Most suggest using metadata built at compile time to get the reflection to work, if dart going that way would be a good way to go.

lrhn commented 2 years ago

@gmpassos

Neither approach can actually get the runtime type parameter of a List<T>.

The getter requires the ability to add real instance methods to the class, and you can't add methods to List.

The (static!) extension method only captures the static type, not the runtime type.

There is currently no general way in the Dart language or platform libraries outside of dart:mirrors to access the runtime type arguments of an instance of a generic class, not from the outside.

marcotas commented 2 years ago

I also want to share my use case of dart:mirrors (although nothing is in production yet).

I'm building a server-side framework in pure dart to serve all front-end flavours (flutter, vue, react, svelt etc). So the framework trusts dart:mirrors to inject dependencies based on types.
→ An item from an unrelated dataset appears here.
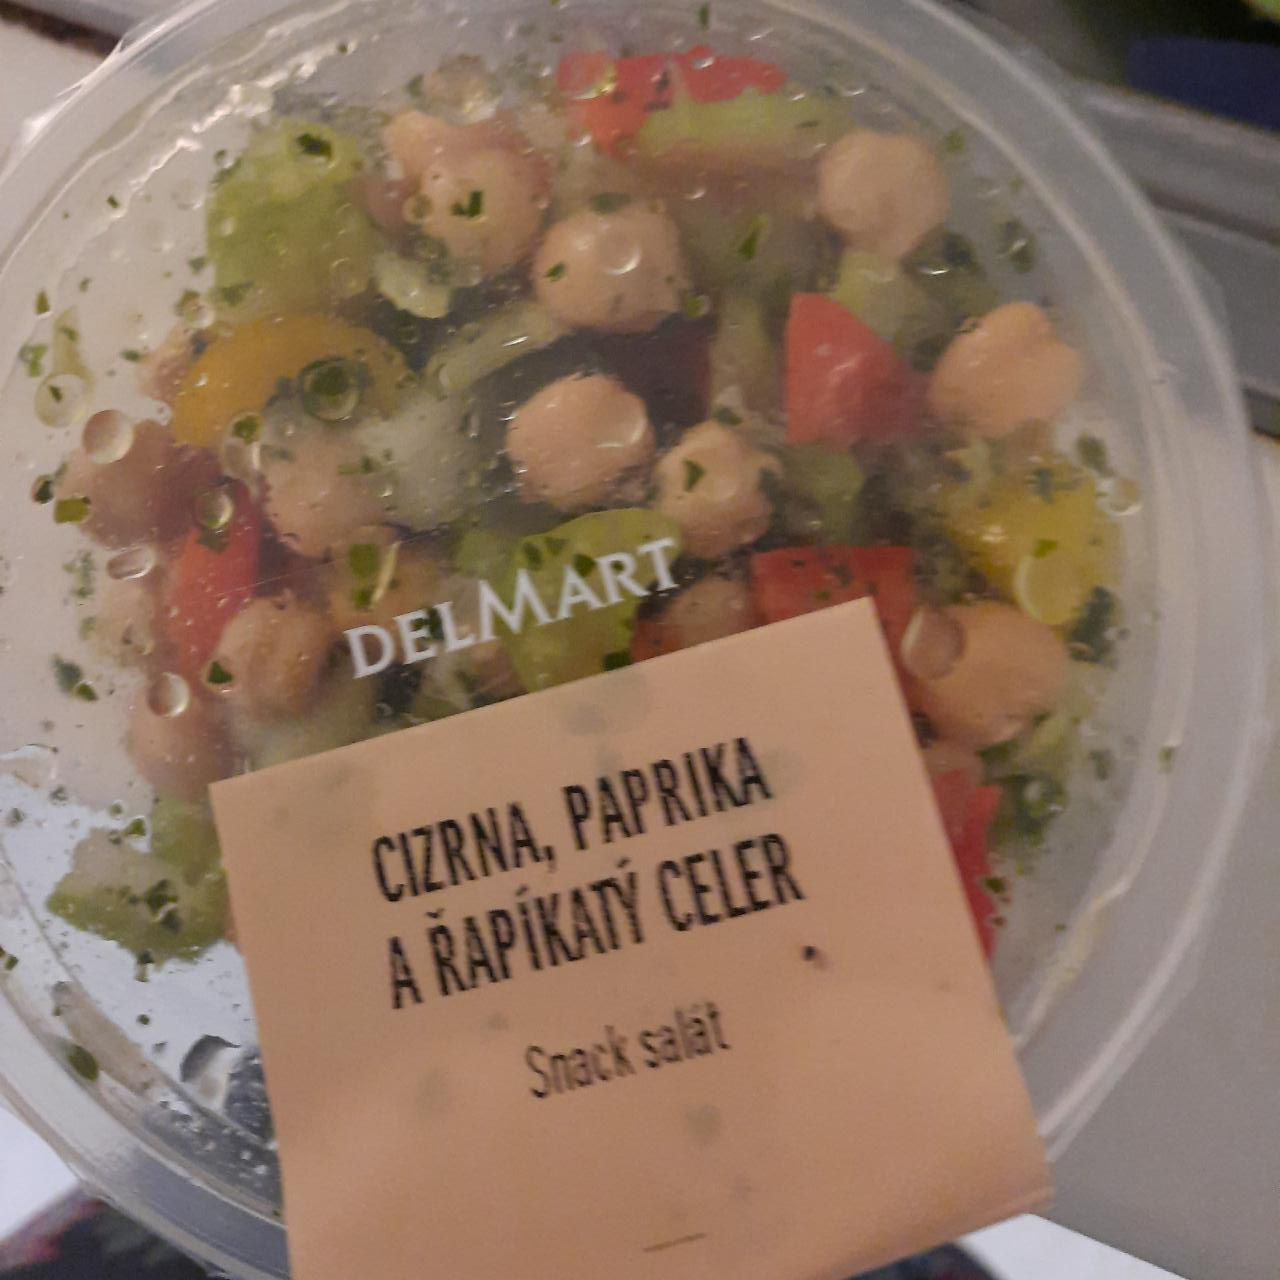 Fotografie - Cizrna, paprika a řapíkatý celer Snack salát Delmart
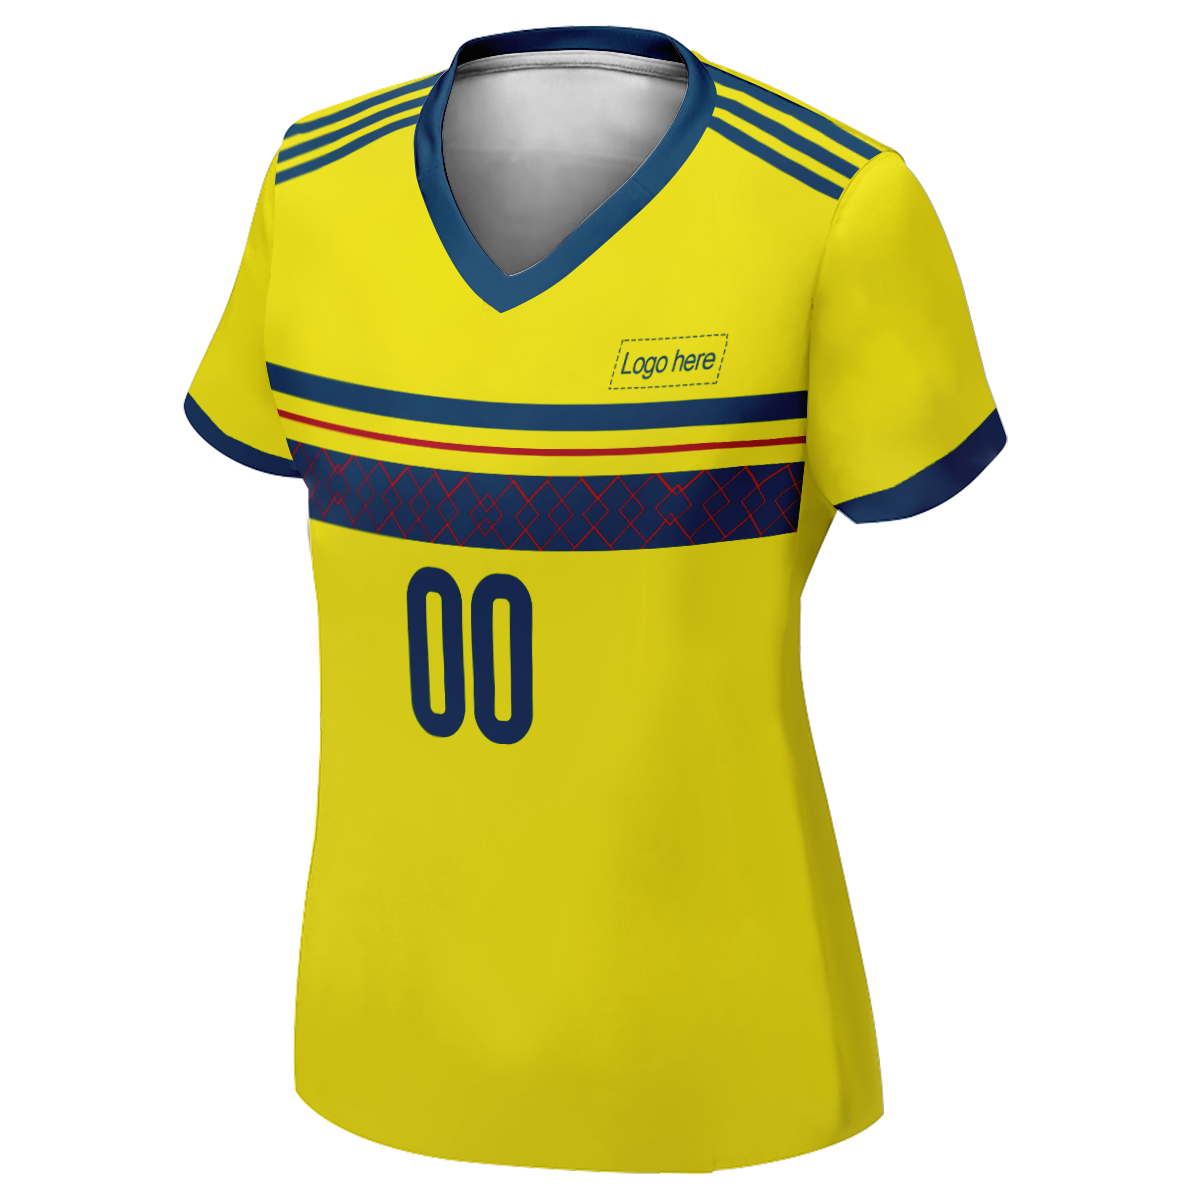 Maillot de football personnalisé de la Coupe du monde de Suède cousu pour femme avec nom

For example, if you define a controller like the below, you will have the request and repository objects injected into your controller method automatically based on mirrors that recursively try to resolve all the dependencies if you didn't register them in the service container. This is pretty much the same as Laravel framework (my background) does with PHP.

class UserController extends Controller {
  updateAmount(int id, Request request, UserRepository repository) {
    ...
    await repository.updateBillingAmount(request.get('amount'));
    ...
  }
}

IMHO, there's no problem with removing dart:mirrors as long as an alternative with reflection capabilities is provided without code generation for the same reasons shared above by @daniel-v, @zmeggyesi, @gothamgasworks, @DavidLiedle, @rdnobrega just to name a few.

maximveksler commented 2 years ago

I would like to offer a step towards a discussion of what might contribute to finding a solution. Taking the example from Swift which is a statically typed, type safe language. The implementation of Json serialisation (as an example of a typical reflection use case) was achieved using Foundation SDK language support and compile time code generation.

The design of which can be reviewed here https://github.com/apple/swift-evolution/blob/main/proposals/0166-swift-archival-serialization.md

mraleph commented 2 years ago

@maximveksler I am pretty fond of Swift's design for this feature and have been advocating something like this for years (most recently in context of generalising some of proposed data classes features to work on normal classes: https://github.com/dart-lang/language/issues/2372). I have hopes that we will eventually converge on a set of interfaces for which compiler will autoderive method implementations.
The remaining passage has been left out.